O período de Carnaval, com sua atmosfera de celebração e grandes aglomerações, também se configura como uma fase de elevada vulnerabilidade para crianças e adolescentes. Um especialista em políticas públicas para infância e adolescência reforça a necessidade de maior atenção por parte de famílias, sociedade e poder público para prevenir violações contra os pequenos, tanto no ambiente físico quanto no digital.
Maurício Cunha, pesquisador e presidente da organização social internacional ChildFund no Brasil, alertou sobre os perigos, sugerindo que famílias evitem a postagem de imagens de crianças em redes sociais. Ele também enfatiza a importância de a sociedade estar vigilante e denunciar ameaças e violências diversas.
Riscos Evidenciados por Dados
Dados do Disque 100, serviço do Ministério dos Direitos Humanos e da Cidadania, revelam um cenário preocupante. Durante o Carnaval de 2024, foram registrados mais de 26 mil casos suspeitos de crimes contra crianças e adolescentes. Esse número representa um aumento de 38% em comparação com o ano anterior, com quase 40% de todas as violações reportadas no período relacionadas a crimes contra crianças.

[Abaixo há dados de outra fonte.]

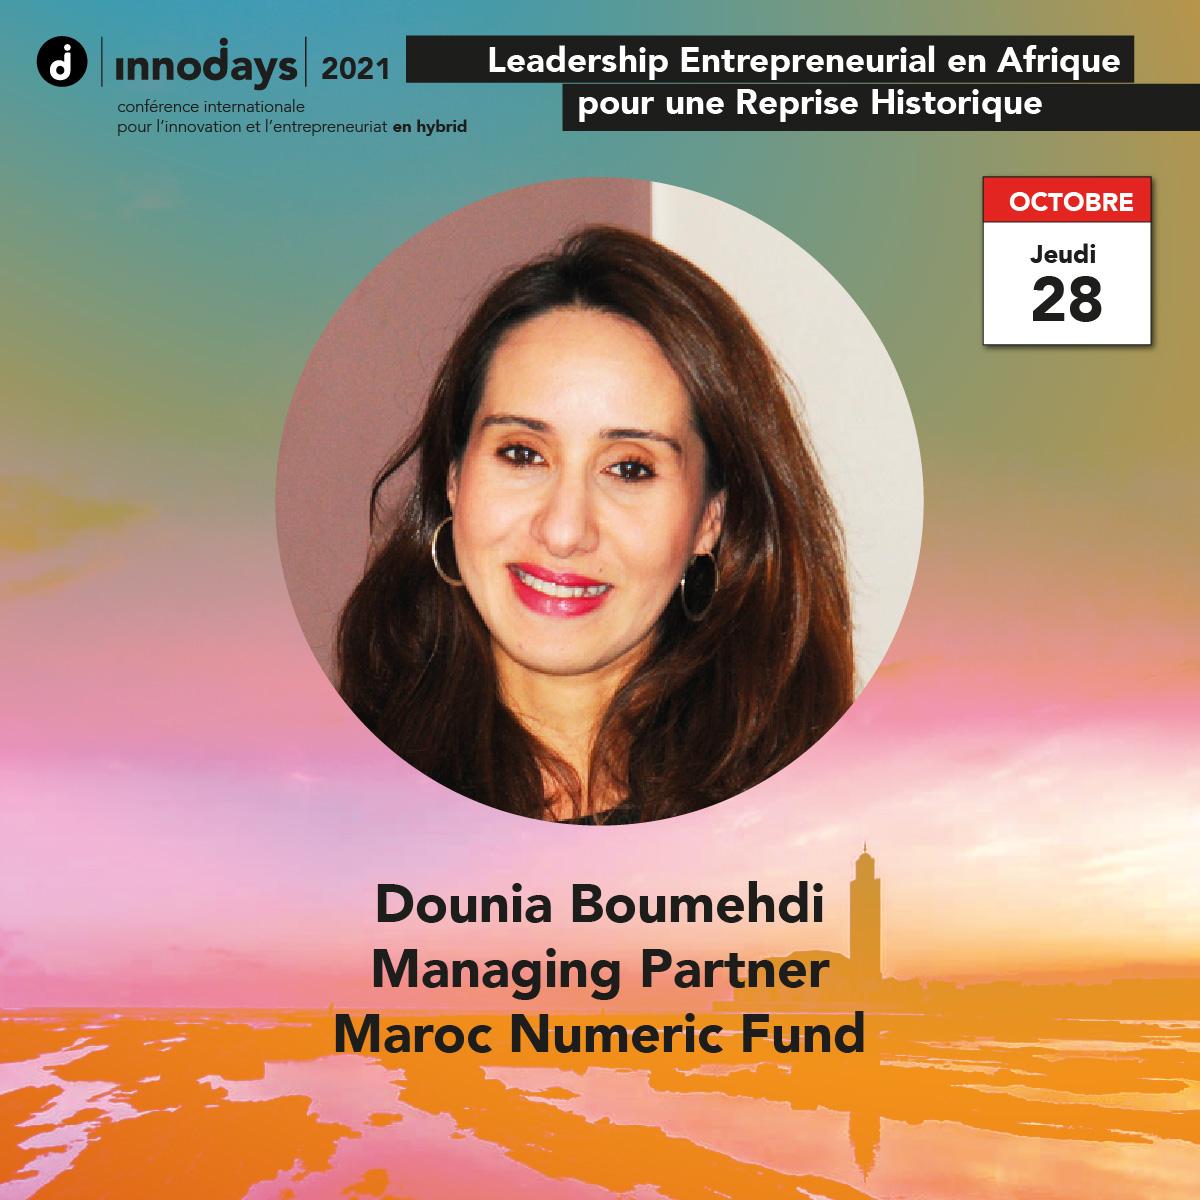 Dounia Boumehdi - Managing Partner - Maroc Numeric Fund

A internet potencializa esses riscos. Cunha cita a exposição de imagens de crianças e adolescentes em fóruns, grupos fechados e redes sociais, além da violência sexual online. O estudo “Mapeamento dos Fatores de Vulnerabilidade de Adolescentes Brasileiros na Internet”, publicado pelo ChildFund no ano passado, investigou mais de 8 mil adolescentes entre 13 e 18 anos de todas as regiões do país. A pesquisa indicou que 54% dos entrevistados já sofreram algum tipo de violência sexual no ambiente virtual.
Variedade das Violações e Prevenção
As preocupações em relação às violências que afetam crianças e adolescentes durante o Carnaval são diversas. O especialista Maurício Cunha aponta a superexposição e o aumento da circulação em eventos de massa como fatores agravantes. Entre as violações destacam-se a erotização precoce (termo usado como “adultização”), que transgride os direitos estabelecidos no Estatuto da Criança e do Adolescente (ECA). Há também um aumento nos casos de desaparecimentos de crianças devido às grandes aglomerações, crescimento da exploração do trabalho infantil em atividades informais e elevação da exploração sexual.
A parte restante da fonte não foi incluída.